Following his ordeal, Alba has taken a low profile, initially escaping to the tranquility of upstate New York.
Will lack of the rule of law drive more people away from the U.S.?
“He is not going back to work at the bodega,” according to Francisco Marte, who heads a bodega association assisting Alba. “He is taking a break fighting with his trauma, and he said he is afraid for his life.
“He is trying to get back to normal, but he said it’s very hard when you have flashbacks of what happened. We are getting him professional help.”
“The scars will be there for life. It’s going to be a reminder of what happened and the tragedy he went through.”

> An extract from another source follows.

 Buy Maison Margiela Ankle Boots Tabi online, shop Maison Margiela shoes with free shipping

Marte said Alba and his family will decide if Alba goes to the Dominican Republic temporarily or permanently.
On July 1, Alba was working behind the counter of the bodega and got into an argument with a woman over payment for a bag of chips.
She called her boyfriend, Austin Simon. Simon came behind the counter and attacked Alba, who grabbed a knife and stabbed and killed Simon.

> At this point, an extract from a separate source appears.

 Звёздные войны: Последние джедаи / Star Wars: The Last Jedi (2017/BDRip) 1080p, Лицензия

Alba called the police, who arrested him on second-degree murder charges. Protests followed, including those of Mayor Eric Adams and Bill Bratton, former NYPD commissioner.
Authorities lowered Alba’s bail, setting him free, but his employers, concerned about vengeance from Simon’s family, wouldn’t let Alba return to work.
On July 19, Bragg’s office dropped the charges, filing a motion saying there wasn’t enough evidence to show Alba “was not justified in his use of deadly physical force.”
If Alba moves back to the Dominican Republic, he won’t be the first to flee unruly Democrat-controlled areas for Latin America.
Californians are moving to Mexico in such large numbers it has unsettled the locals there.
While World Population Review implies “third world” is no longer to be used in polite company, Dominican Republic ranks 73.6 on the review’s Human Development Index, just behind Fiji and Mongolia, each at 74.1 (the U.S. at 92.4).
Here’s another perspective — I have a relative living in Puerto Rico, itself not a great example of prosperity. He says there are aggressive efforts in that U.S. territory to keep out people illegally attempting to enter from the nearby Dominican Republic.
But Alba may feel better living there than risking the horrors of what happened to him in Manhattan.